Capital Markets

Did Spurned Analyst Spur Altera Probe?

The SEC's San Francisco office has reportedly requested copies of letters, E-mails and phone-call recordings between analysts and the microchip maker.
Stephen TaubSeptember 22, 2005

The Securities and Exchange Commission is looking into Altera Corp.’s dealings with Wall Street analysts, according to Dow Jones, citing an analyst contacted by the SEC during the investigation.

The analyst reportedly stated that the SEC’s San Francisco office had requested copies of letters, E-mails and phone-call recordings with Altera, a San Jose, California-based maker of programmable microchips.

In July, veteran Wells Fargo Securities analyst Tad LaFountain reportedly dropped coverage of the company, claiming that it was not communicating with him or letting him ask questions on earnings calls. LaFountain noted that he would replace Altera with a company “that takes a more appropriate view of the role of independent investment research,” according to an account in The New York Times.

Altera CFO Nathan Sarkisian then issued a public apology in a company press release. “Regrettably, as a result of our action and the ensuing press coverage, some have concluded that our intention was to manipulate opinion,” he stated. “In retrospect, our decision to disengage was in error, and I apologize to Mr. LaFountain, our investors, and the investment community.”

LaFountain had a “sell” rating on Altera at the time, but Sarkisian denied ever stopping relations or challenging an analyst because of a rating, according to a contemporary report.
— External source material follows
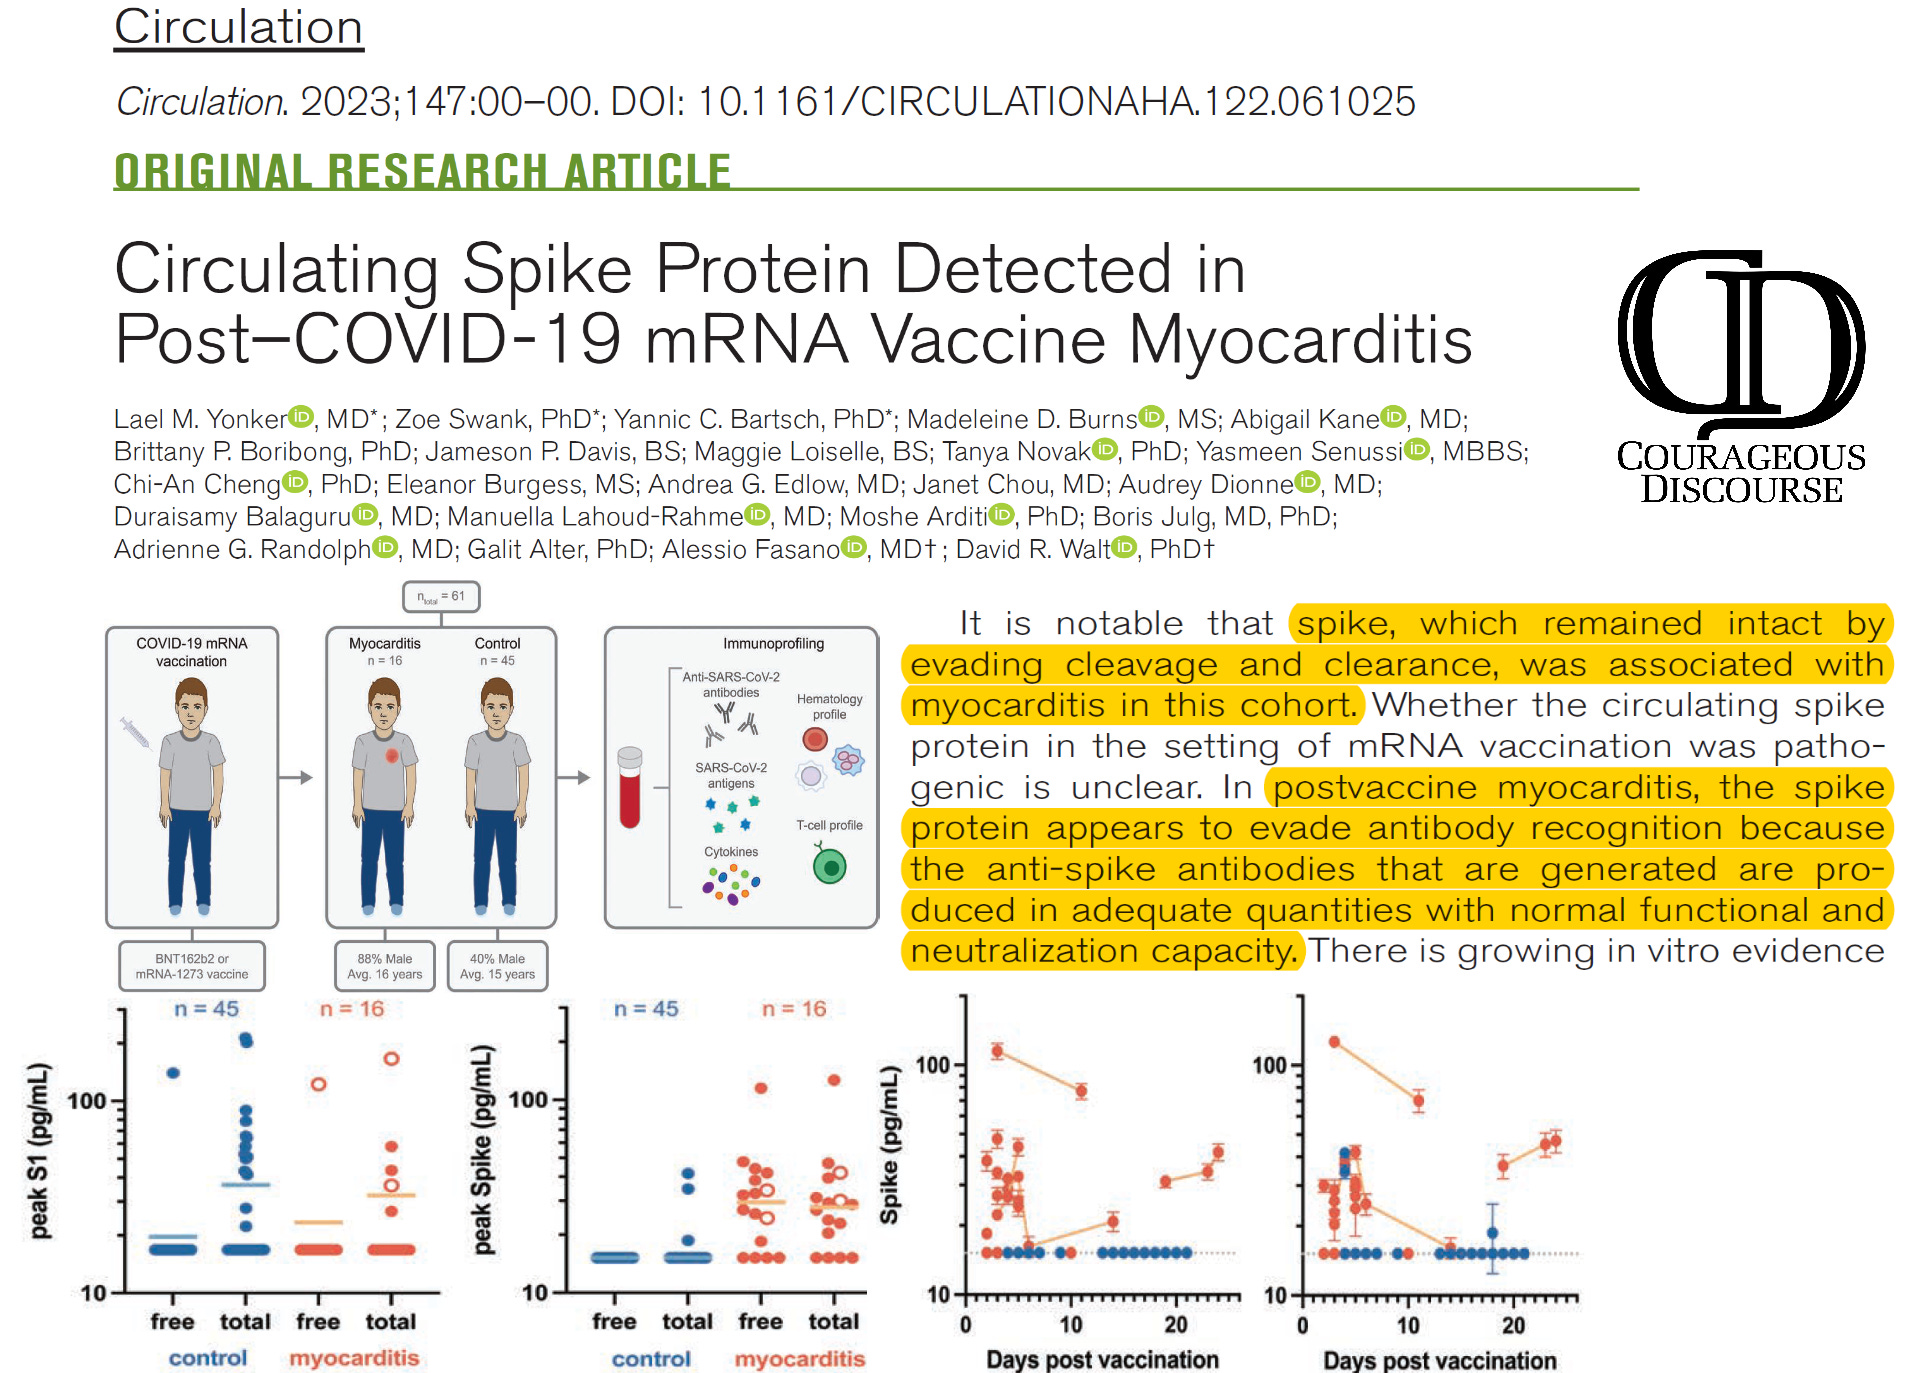 Circulating Spike Protein Detected in Post-COVID-19 mRNA Vaccine Myocarditis

The subject of the SEC’s reported investigation is unclear. Altera’s actions do not appear to violate Regulation Fair Disclosure, which bars selective release of information to a few individuals.

LaFountain, who no longer works for Wells Fargo, could not be reached for comment by Dow Jones; the SEC would not provide comment to the wire service. An Altera spokeswoman would not comment except to say she had not heard of the probe.